The partition is not an empirical accident. It follows from the generative architecture of the adversary.
Why ordinal statistics are reproduced. The ghost samples IKI values from a distribution fitted to the real person's history. Ordinal statistics (permutation entropy, statistical complexity, forbidden pattern fraction, weighted PE, Lempel-Ziv complexity) depend on the rank-order structure of the IKI series, which is determined by the marginal distribution. A well-fitted distribution produces the correct rank-order structure. The near-zero residuals confirm the fit is good. This is the positive control.
Why MF-DFA resists. The ghost generates timing from a single stochastic process (ex-Gaussian with optional AR(1) conditioning and copula coupling). A single stochastic process has one characteristic scaling behavior. Its singularity spectrum is narrow. Real writing involves multiple cognitive processes operating at different time scales (lexical retrieval, syntactic planning, revision, motor execution). When these interleave, the IKI series inherits scaling properties from all of them, producing a broad multifractal spectrum. The width of the singularity spectrum measures the diversity of scaling behaviors. The ghost can match the marginal distribution and the serial correlation, but it cannot match the multi-process interaction structure across scales, because it has one process.
Why the middle tier is partially reproduced. Recurrence networks, spectral features, DMD modes, and DFA alpha depend partly on distributional properties (which the ghost matches) and partly on temporal structure (which the ghost approximates through AR(1) and copula, but does not fully capture). Their intermediate residuals reflect this mixed dependence.

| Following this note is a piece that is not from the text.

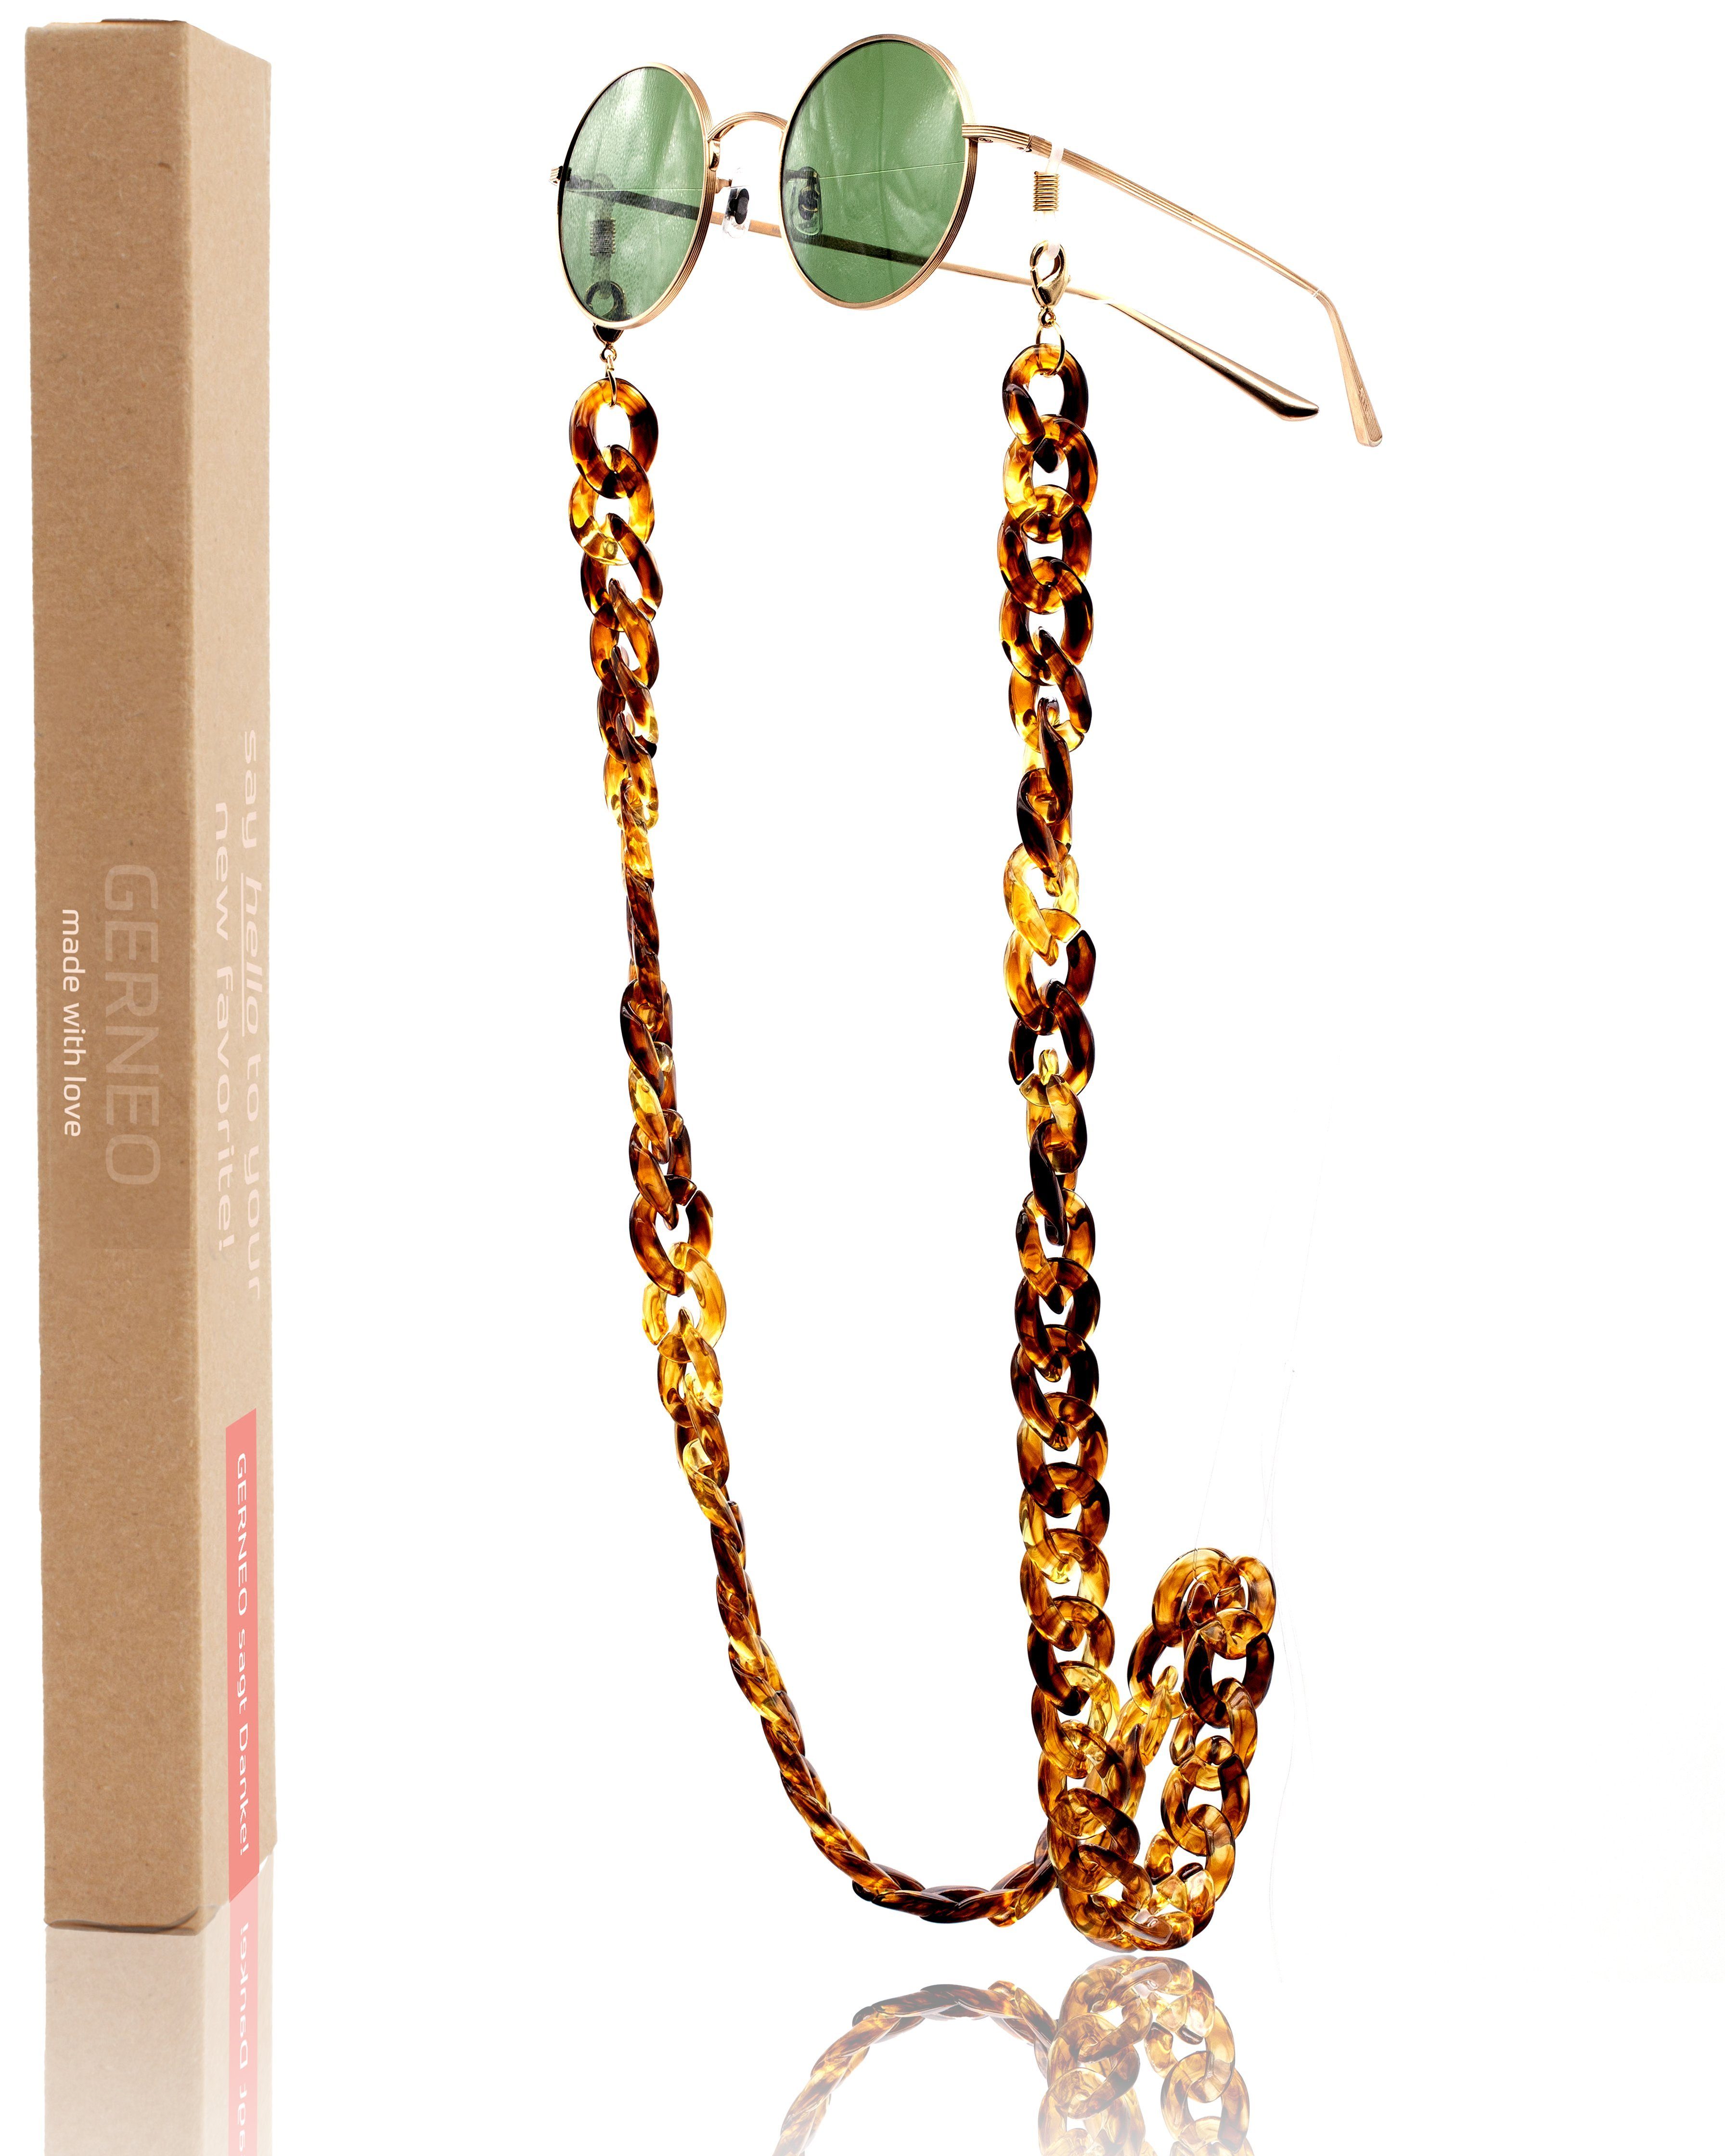 GERNEO Brillenkette GERNEO® - Havanna – Maskenhalter & Brillenkette Gold aus Acryl, korrosionsbeständig einzigartig hochwertige Brillen Kette Brillenband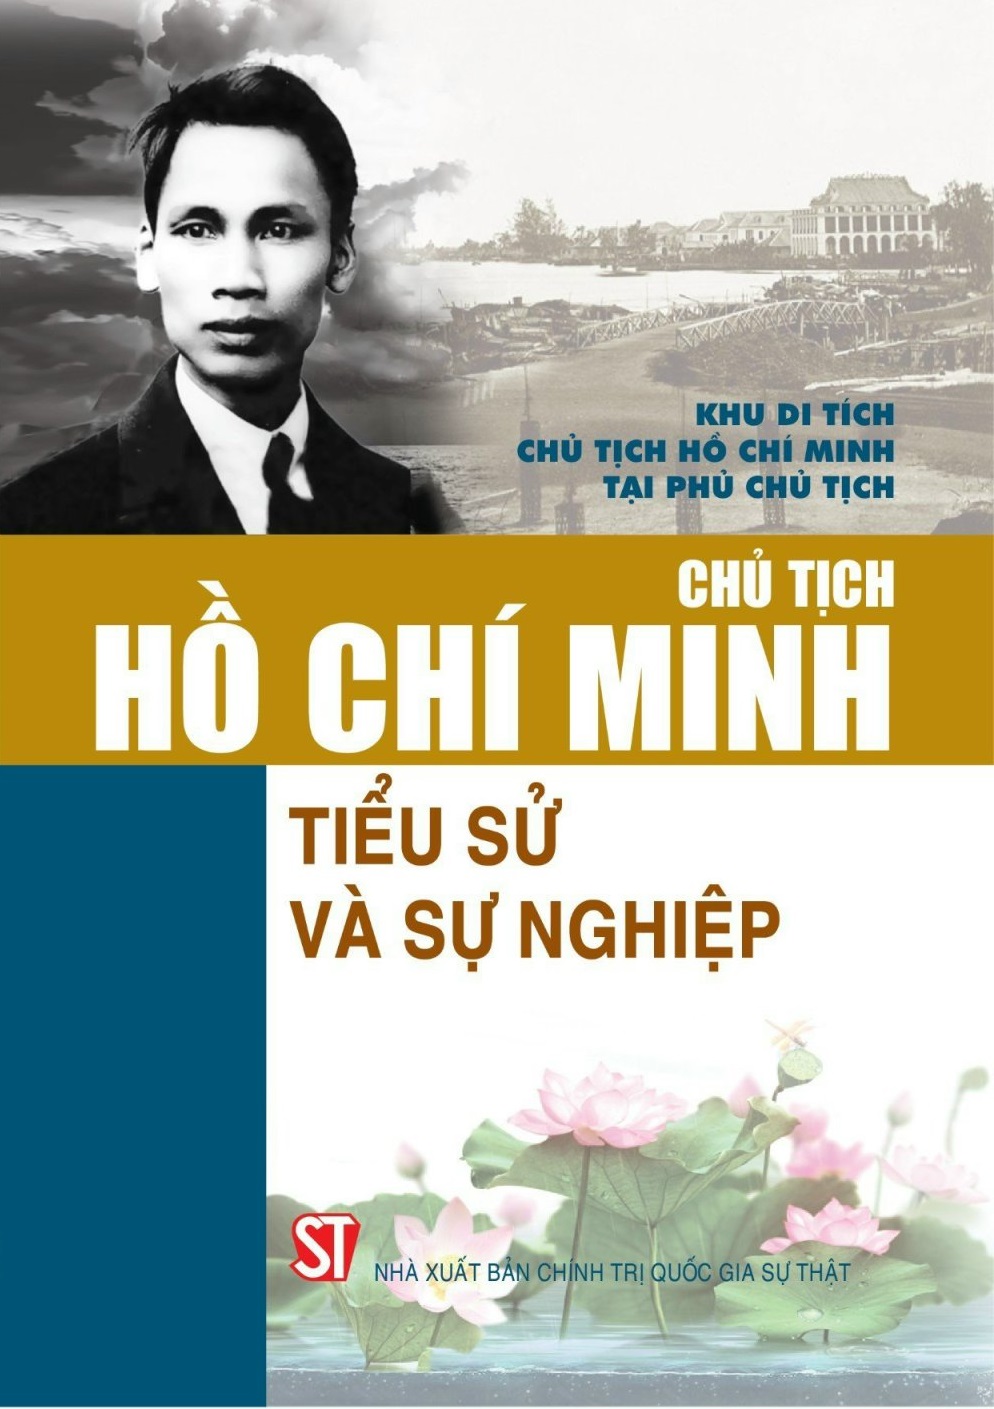 Chủ tịch Hồ Chí Minh - Tiểu sử và sự nghiệp

The partition tells you which signals are worth making in a cognitive instrument. Signals at the bottom of the partition are measuring the distribution. Signals at the top are measuring something the distribution cannot reproduce. An instrument that measured only ordinal statistics would be fully fakeable by a statistical profile and therefore uninformative for longitudinal tracking. The partition is the empirical basis for that claim.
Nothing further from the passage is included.